Phillip Trelford's Array | POKE 36879,255

String and StringBuilder revisited

2. April 2015 .Net, C#, F# Comment (12)

I came across a topical .Net article by Dave M Bush published towards the tail end of 2014 entitled String and StringBuilder where he correctly asserts that .Net’s built-in string type are reference types and immutable. All good so far.

The next assertion is that StringBuilder will be faster than simple string concatenation when adding more than 3 strings together, which is probably a pretty good guess, but lets put it to the test with 4 strings.

The test can be performed easily using F# interactive (built-in to Visual Studio) with the #time directive:

open System.Text

#time

let a = "abc"
let b = "efg"
let c = "hij"
let d = "klm"

for i = 1 to 1000000 do
   let e = StringBuilder(a)
   let f = e.Append(b).Append(c).Append(d).ToString() 
   ()
// Real: 00:00:00.317, CPU: 00:00:00.343, GC gen0: 101, gen1: 0, gen2: 0
   
for i = 1 to 1000000 do
   let e = System.String.Concat(a,b,c,d)
   ()
// Real: 00:00:00.148, CPU: 00:00:00.156, GC gen0: 36, gen1: 0, gen2: 0

What we actually see is that for concatenating 4 strings StringBuilder takes twice as long as using String.Concat (on this run 0.317ms vs 0.148ms) and generates approximately 3 times as much garbage (gen0: 101 vs gen0: 36)!

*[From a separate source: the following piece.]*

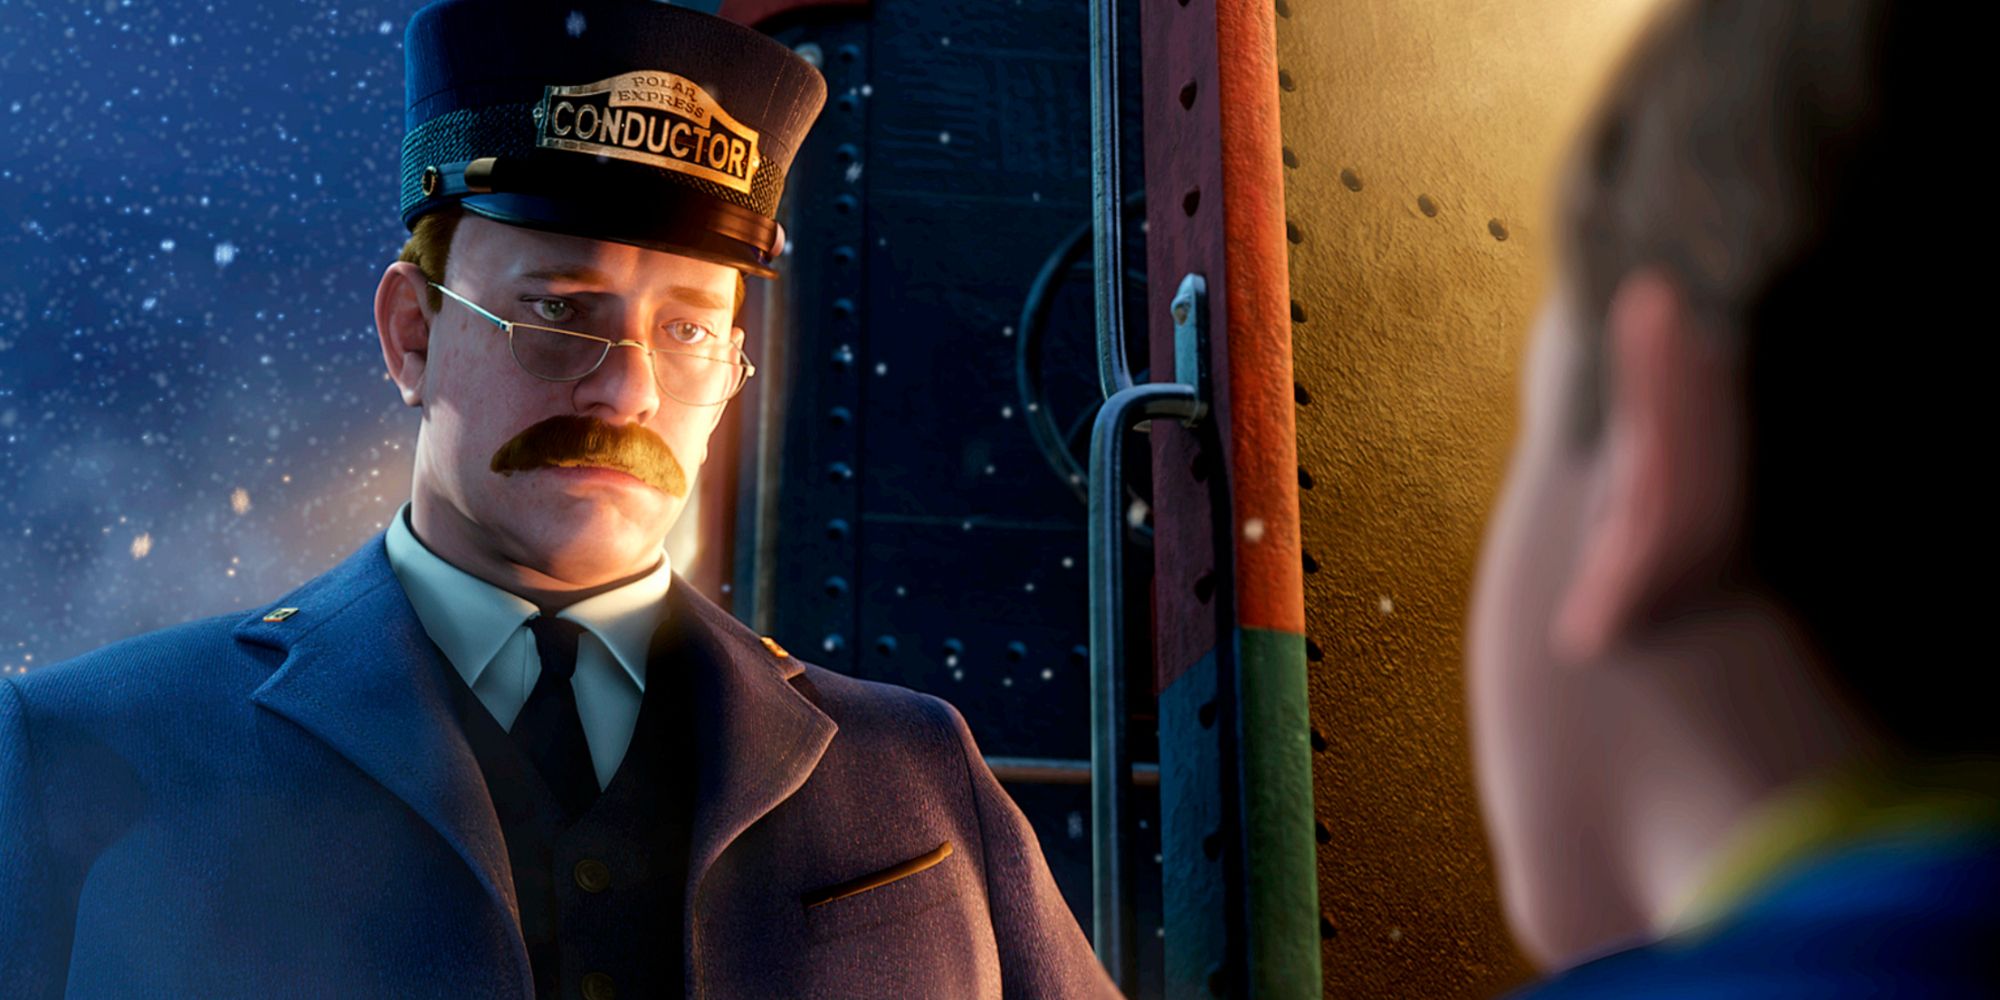 Train conductor looking sternly at little boy in The Polar Express.

Underneath the hood the StringBuilder is creating an array to append the strings into. When appending if the current buffer length is exceeded (the default is 16) then a new array must be created. When ToString is called it may, based on a heuristic, decide to return the builder’s array or allocate a new array and copy the value into that. Therefore the performance of StringBuilder is dependent on the initial capacity of the builder and the number and lengths of the strings to append.

In contrast, String.Concat (which the compiler resolves the ‘+’ operator to) calculates the length of the concatenated string from the lengths of the passed in strings, then allocates a string of the required size and copies the values in, ergo, in many scenarios it will require less copying and less allocation.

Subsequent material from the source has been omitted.